*** Opening of The data ***
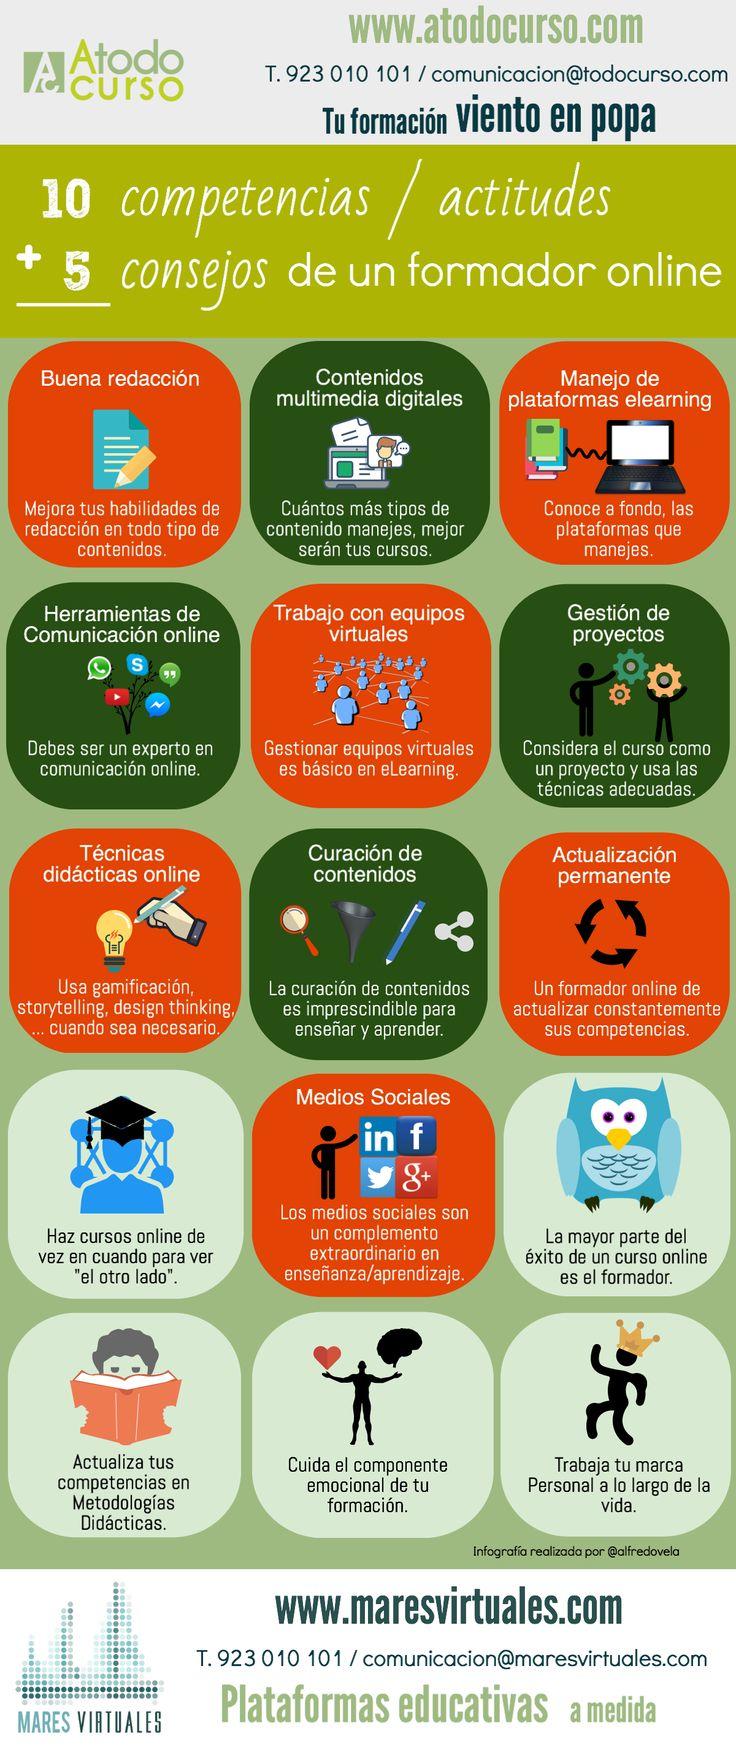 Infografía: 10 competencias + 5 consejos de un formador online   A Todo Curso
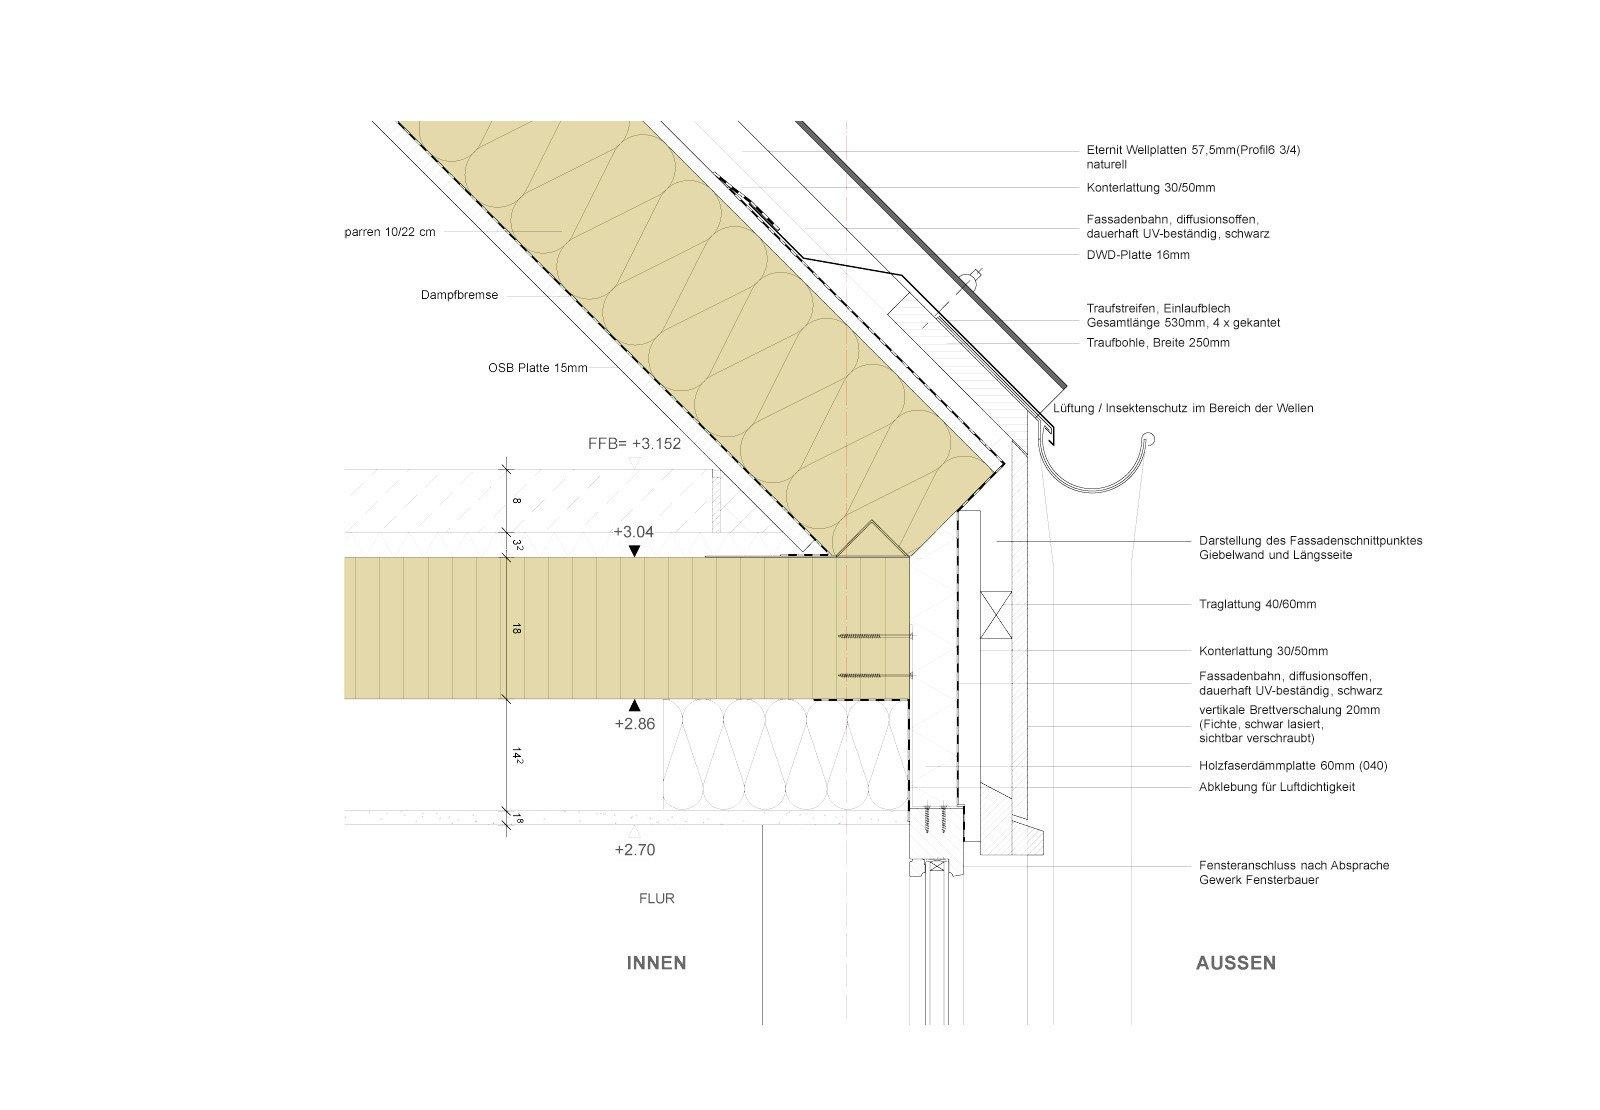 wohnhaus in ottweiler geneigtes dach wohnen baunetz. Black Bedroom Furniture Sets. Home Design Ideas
*** Close of The data ***
*** Opening of The data ***
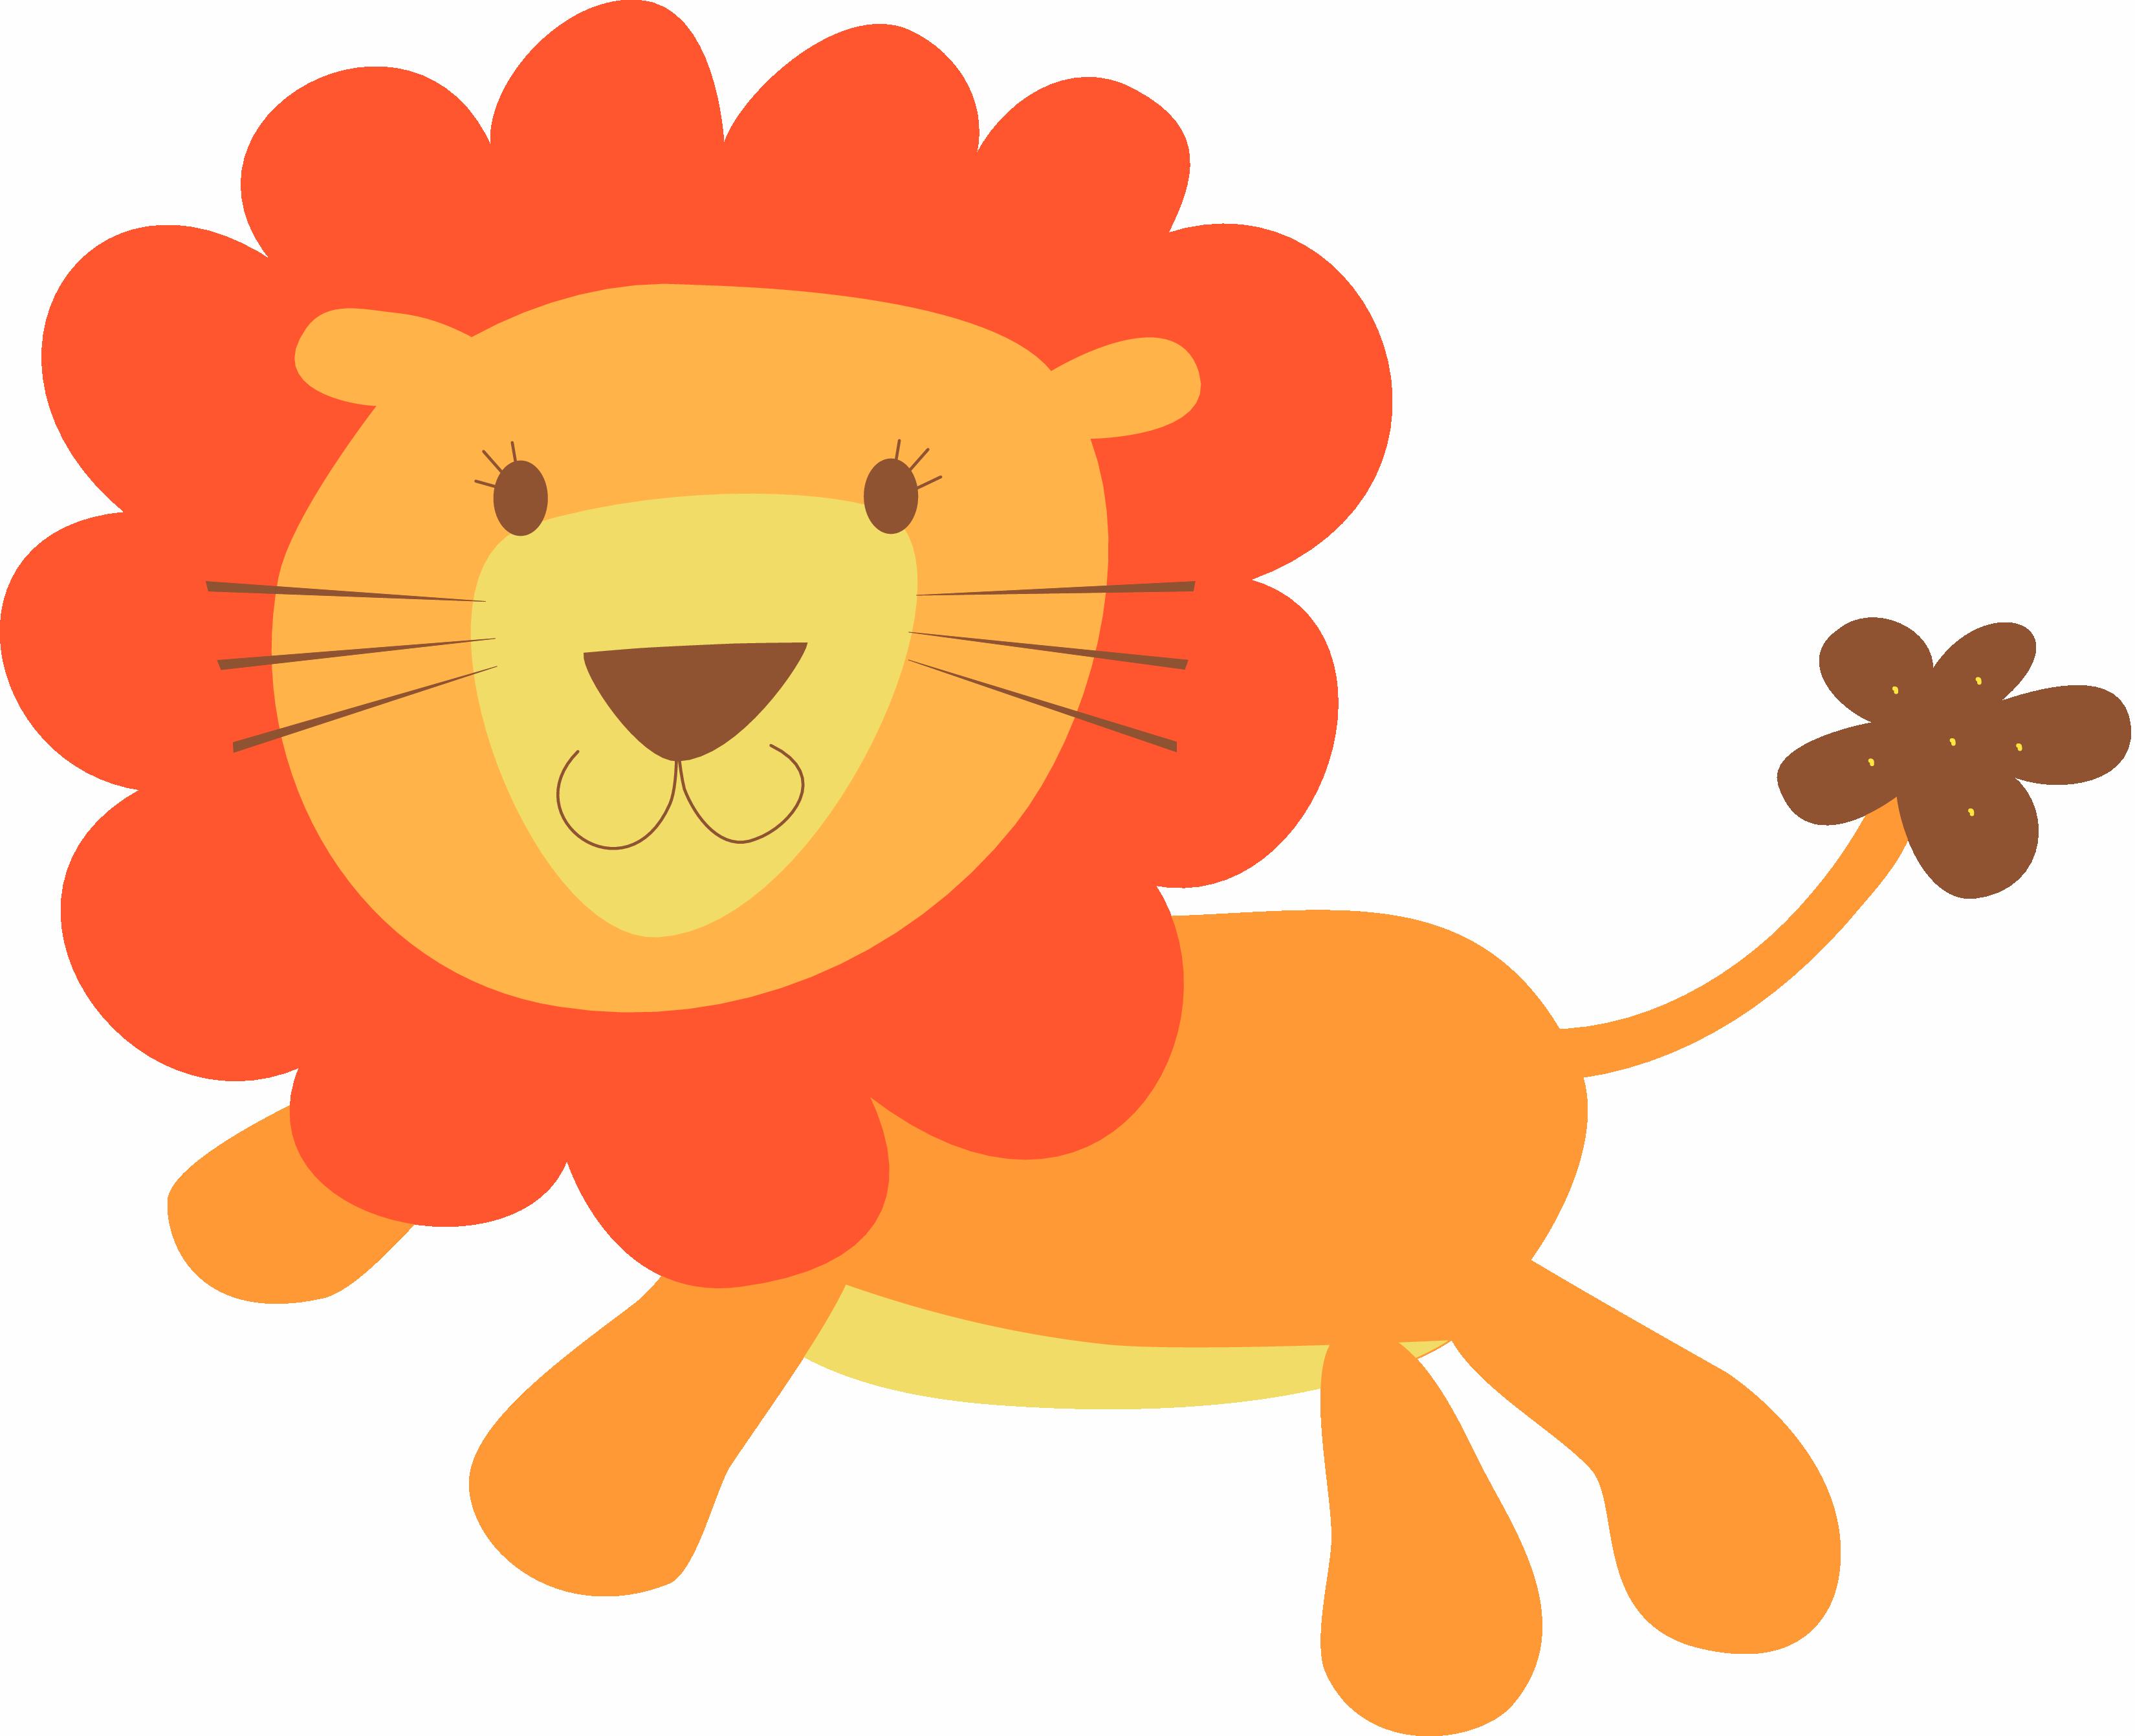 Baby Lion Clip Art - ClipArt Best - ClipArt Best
*** Close of The data ***
*** Opening of The data ***
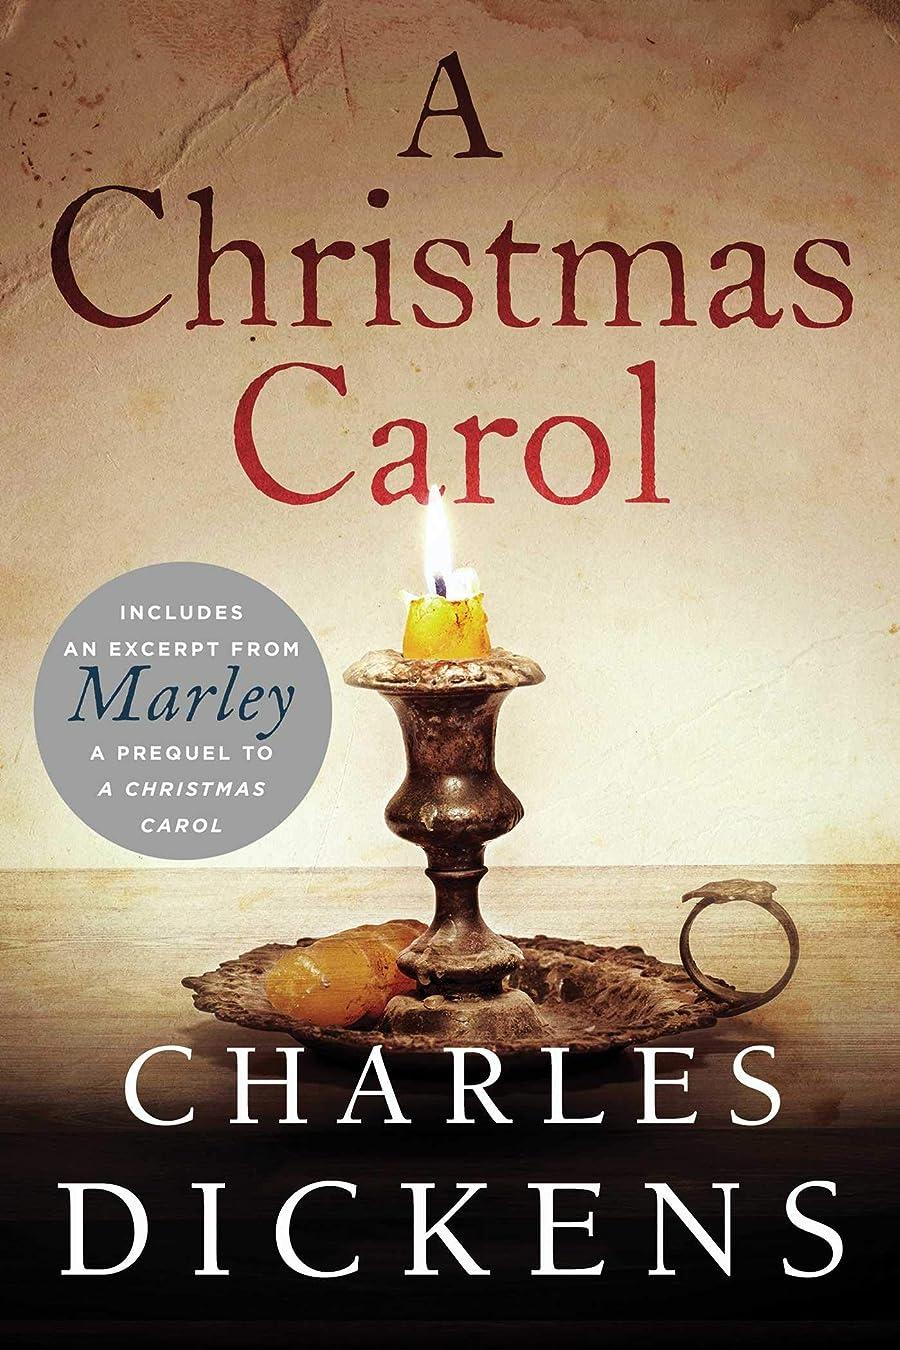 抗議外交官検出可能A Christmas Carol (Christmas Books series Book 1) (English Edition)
*** Close of The data ***
### Assignment
What you write must match the listing exactly, from the line with "Infografía: 10 competencias" up to and including the line with "wohnhaus in ottweiler". Pictures stay out.

### Result
 Infografía: 10 competencias + 5 consejos de un formador online   A Todo Curso
 wohnhaus in ottweiler geneigtes dach wohnen baunetz. Black Bedroom Furniture Sets. Home Design Ideas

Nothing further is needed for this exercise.